Rohingya Refugee Children: Don't Let Them be a Lost Generation
12:00 AM, March 25, 2019 / LAST MODIFIED: 02:48 PM, March 25, 2019

Don't let them be a lost generation

The Rohingya youth urge int'l community to ensure better future for rufugee children

The Rohingya youth have called upon the international community to ensure that the refugee children do not become a “lost generation” without education or future.

At the annual Global Education and Skills Forum organised by the Varkey Foundation, a global charity on child education, in Dubai from March 23 to 24, Ahmed Ullah and Zainab Arkani said their young people have been left with little hope of educating themselves out of poverty.

Ahmed Ullah, a youth coordinator of the Canadian Rohingya Development Initiative, said, “I am begging every single one of you ... you can change those lives. I am proof that refugees can do anything as long as you give them a chance.”

At the event attended by an international audience of delegates, educators and government officials, he said, “They just want an opportunity to contribute to society," reports The National, a UAE-based newspaper. 

More than 740,000 Rohingyas fled military campaign in Myanmar's Rakhine State since August 2017, joining some 300,000 other Rohingyas in Cox's Bazar. Around 500,000 of them are children lacking any formal education. Only 180,00 of them have informal learning facilities in the refugee camps, according to Unicef. 

“Why can't we give Rohingya kids the hope that they can go to university and build something for their people?” Ahmed asked.

Even before the 2017 campaign, Rohingyas had lived in poor conditions and were victimised by the authorities.

“I remember being kicked out of school,” Ahmed said, adding that he was told to survive on his own. “I got a job in a coffee shop.”

He has since returned to witness conditions in the camps.

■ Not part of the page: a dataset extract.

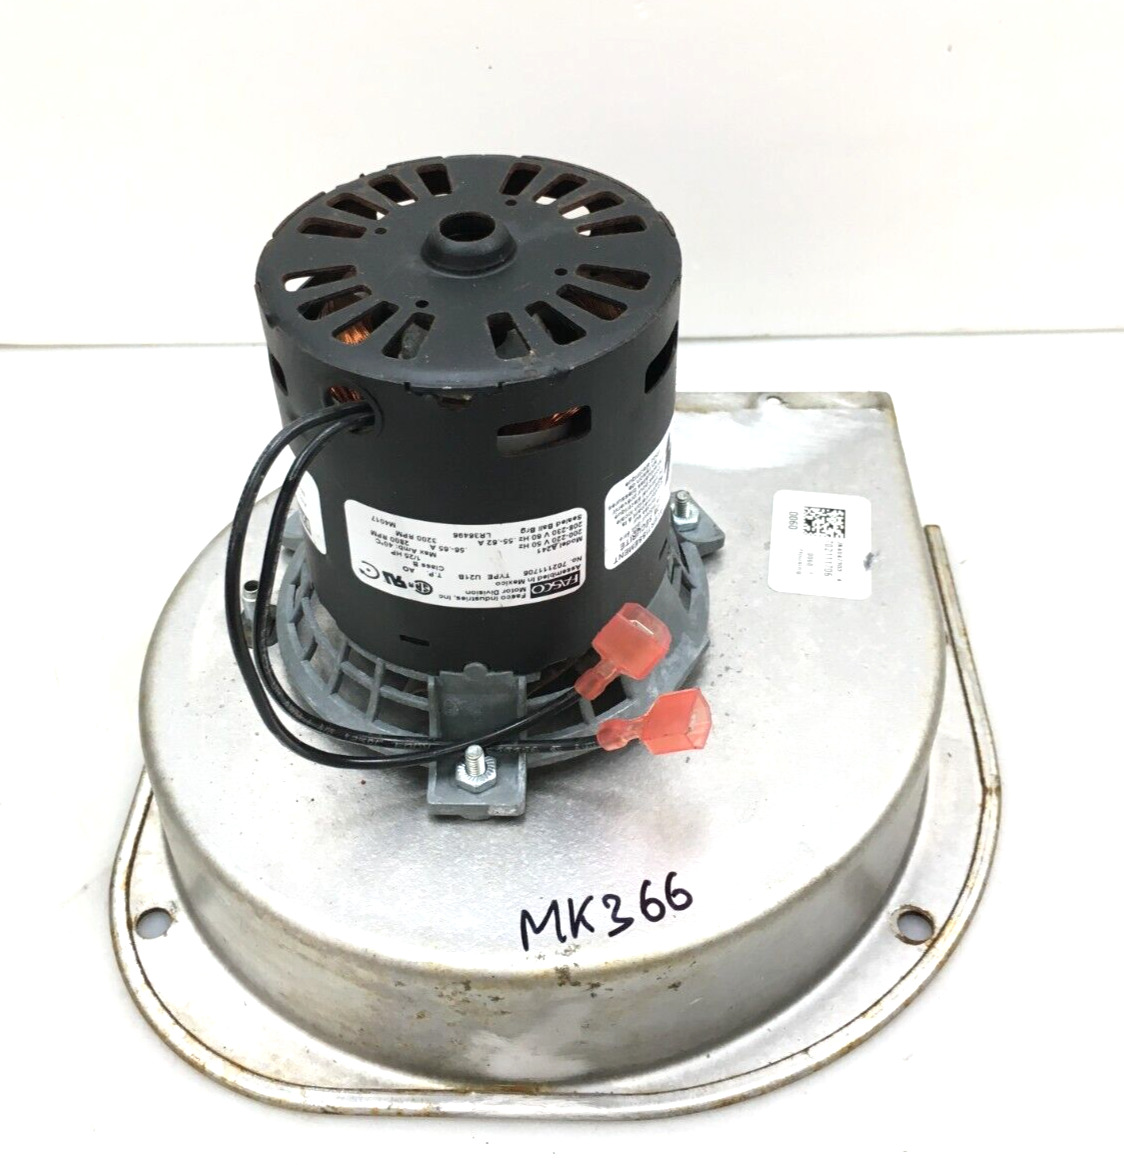 Fasco Model A241 702111706 Furnace Draft Inducer Motor 230V 2800 RPM used #MK366

He recalled how one Rohingya child told him he wants to become a lawyer to get justice for his people.

Zainab Arkani described the abuse she suffered and told of how she was persecuted for being Muslim at a school in Myanmar.

“I was lucky I was among the one percent who went to school because 99 percent did not have the chance to go to school.”

Arkani, who moved to Canada and started the only Rohingya school in her basement, spoke powerfully of the need for vocational training and to build an education system for the Rohingya people.

At the programme, Asif Saleh, senior director at Brac, said a large portion of the Rohingya youth and children are out of education in the refugee camps, and that the donor fatigue is setting in, with only about 40 percent of the current year's need of over $600 million met.

It's imperative that the Rohingya children should get education and skills for their future, he added.

Meanwhile, the Asian Forum for Human Rights and Development (FORUM-ASIA), an international rights group based in Geneva, and Myanmar-based Progressive Voice have called for the situation in Myanmar to be referred to the International Criminal Court.

The call comes after the adoption of the resolution on the situation of human rights in Myanmar on March 22 at the 40th regular session of the UN Human Rights Council in Geneva. The resolution recalls the UN Security Council's authority to refer the situation in Myanmar to the ICC.

It reiterated the “urgent need to ensure that all those responsible for crimes under international law, in particular in Rakhine, Kachin and Shan states, are held to account through credible and independent national or international criminal justice mechanisms.”